Available data ▸
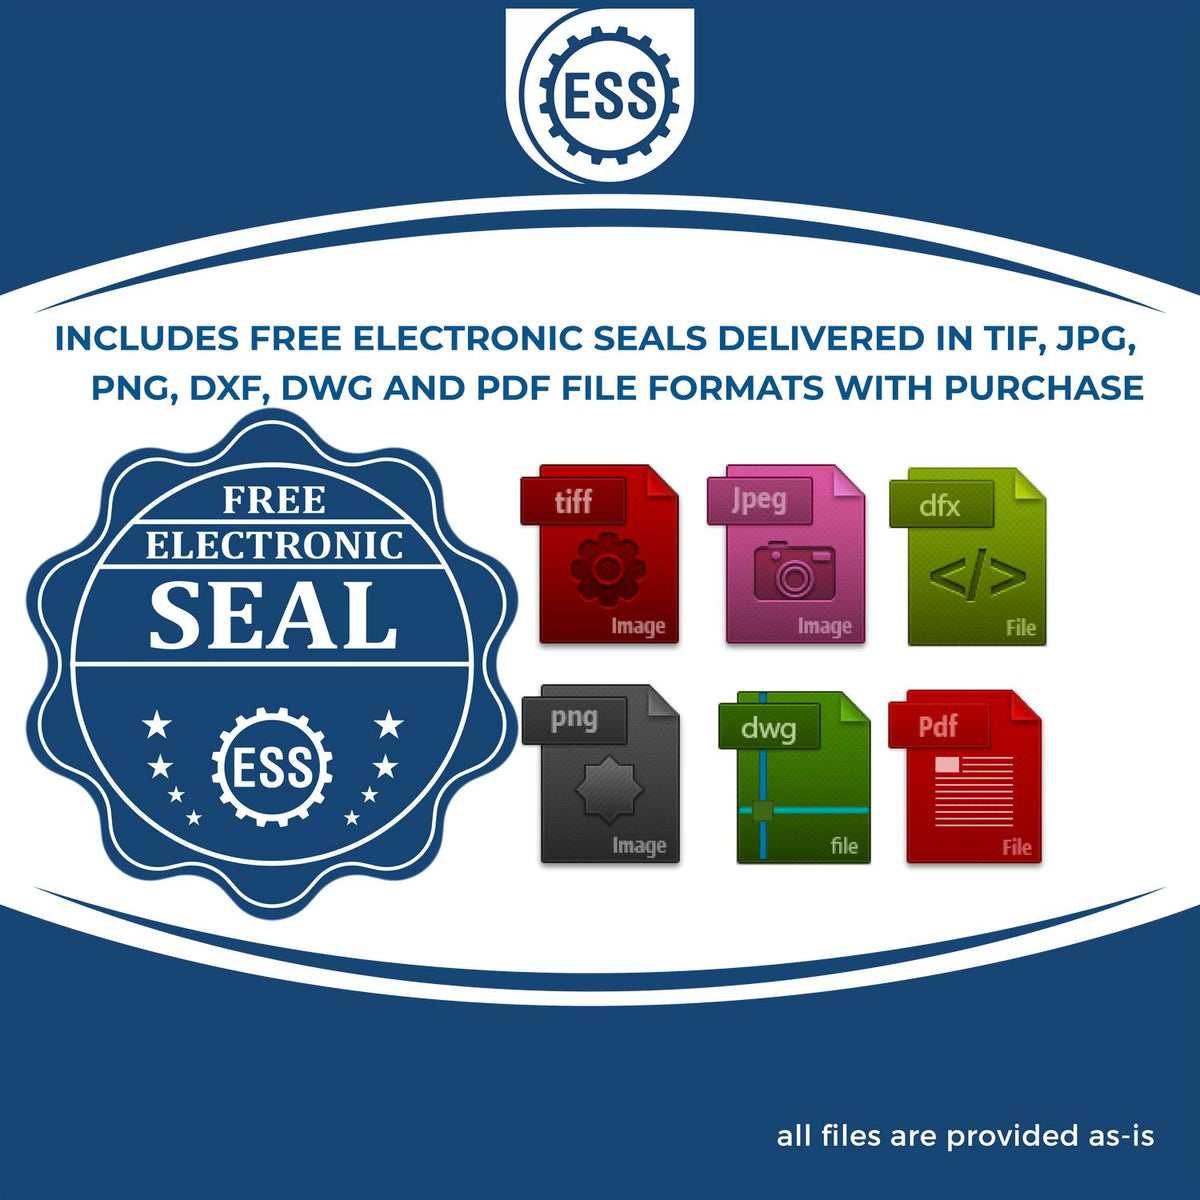 An infographic for the free electronic seal for the Gift Utah Land Surveyor Seal illustrating the different file type icons such as DXF, DWG, TIF, JPG and PNG.
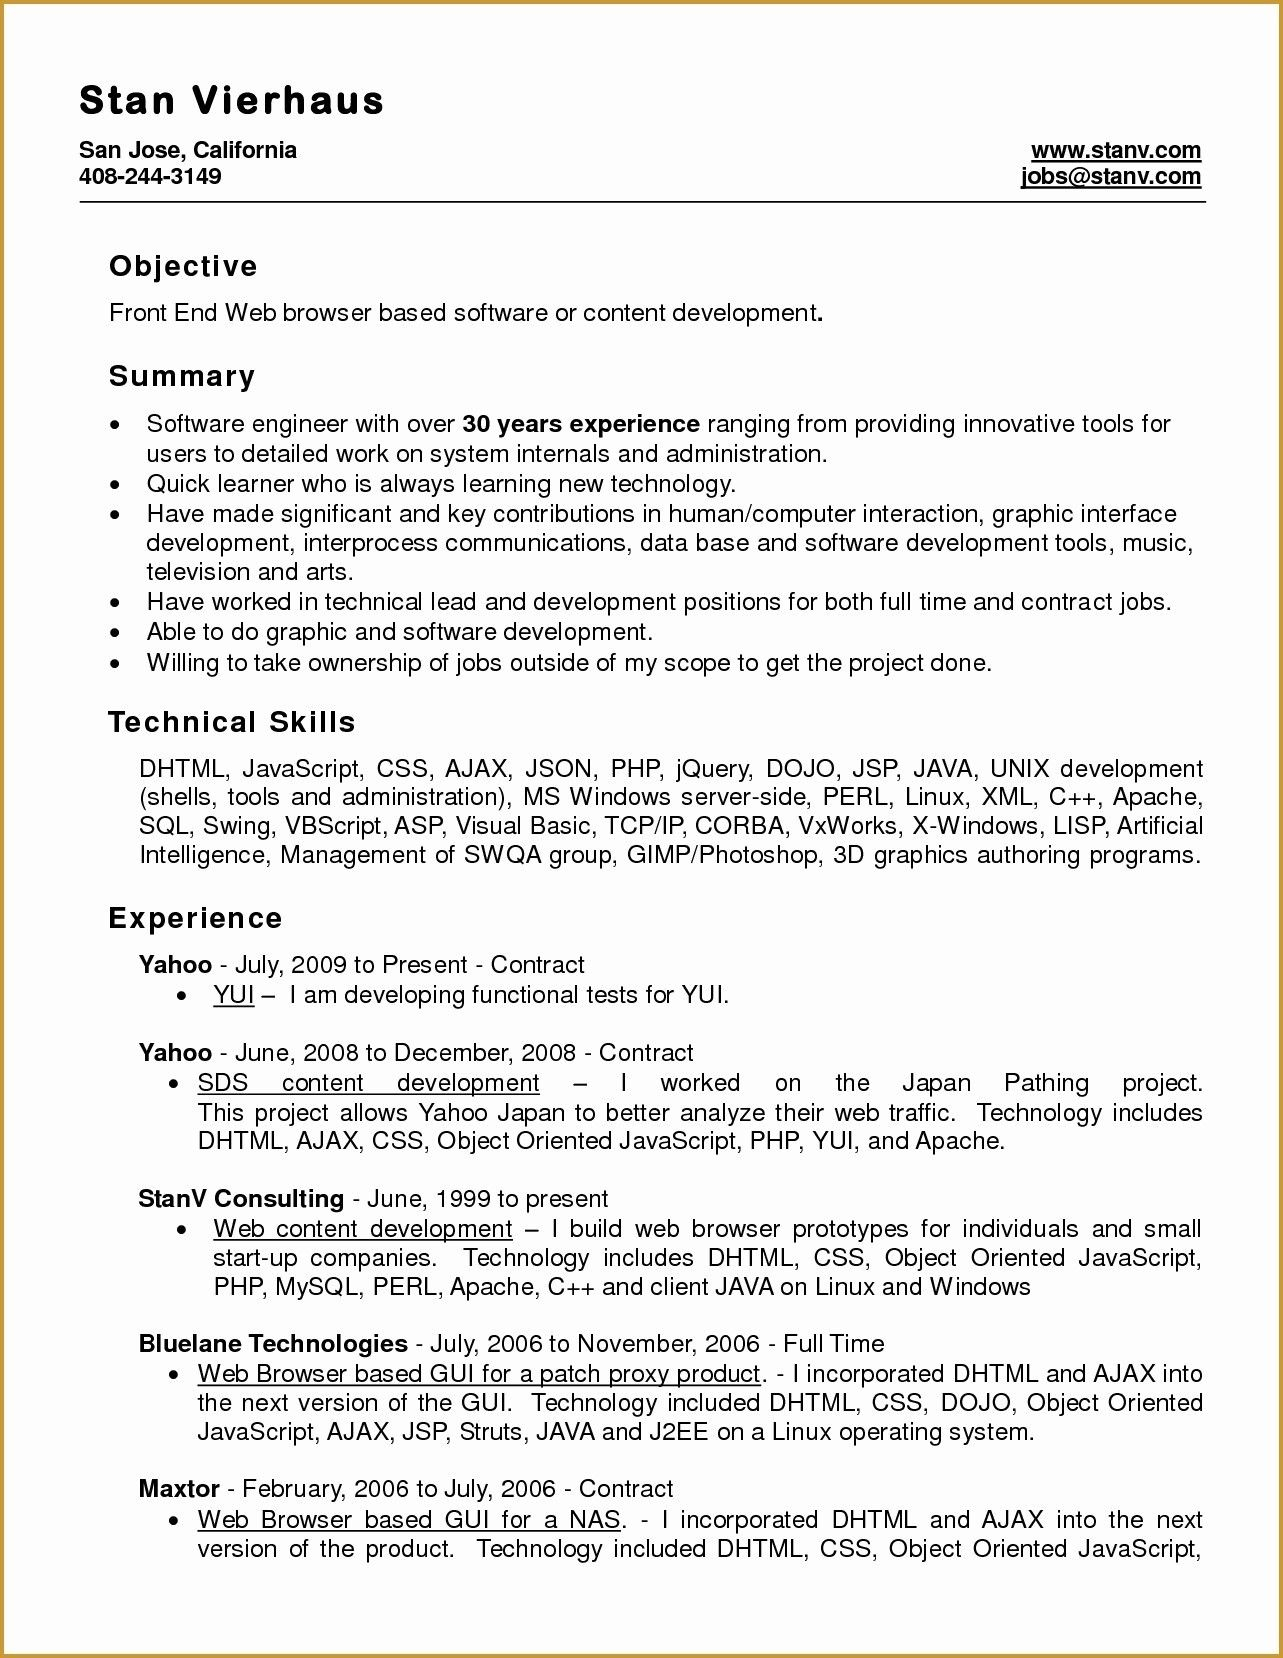 Resume Format Reddit | Teacher Resume Template, Sample Pertaining To How To Make A Cv Template On Microsoft Word
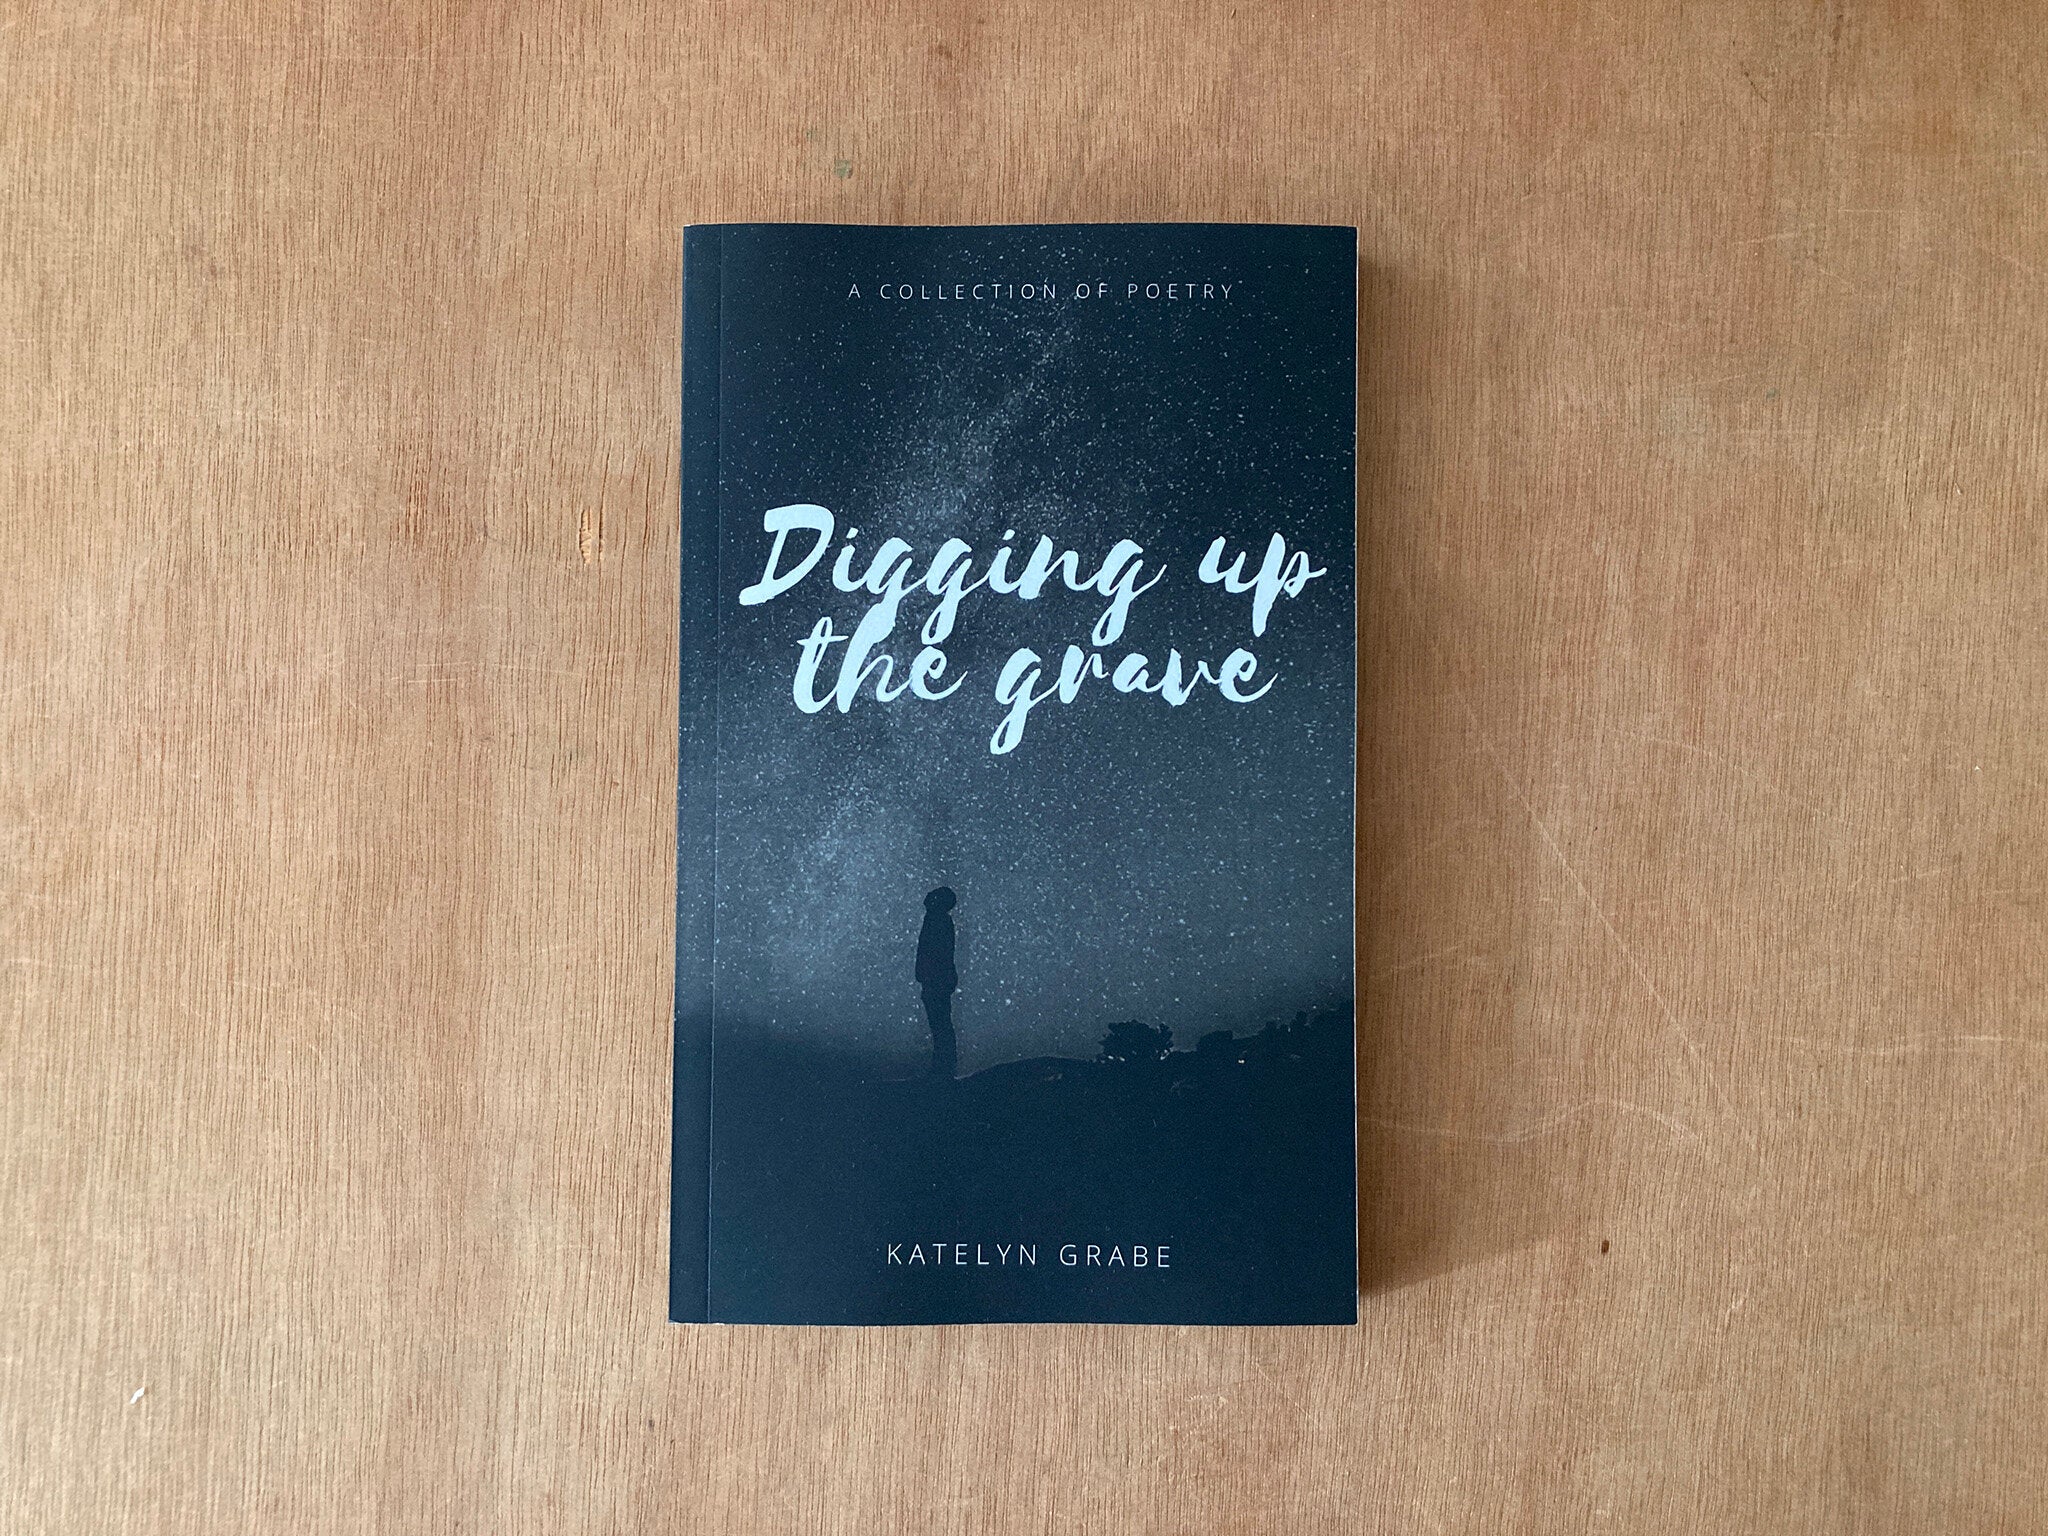 DIGGING UP THE GRAVE by Katelyn Grabe

Work task ▸ Could you give the material above again, exactly and without its pictures?

Exercise response ▸
 An infographic for the free electronic seal for the Gift Utah Land Surveyor Seal illustrating the different file type icons such as DXF, DWG, TIF, JPG and PNG.
 Resume Format Reddit | Teacher Resume Template, Sample Pertaining To How To Make A Cv Template On Microsoft Word
 DIGGING UP THE GRAVE by Katelyn Grabe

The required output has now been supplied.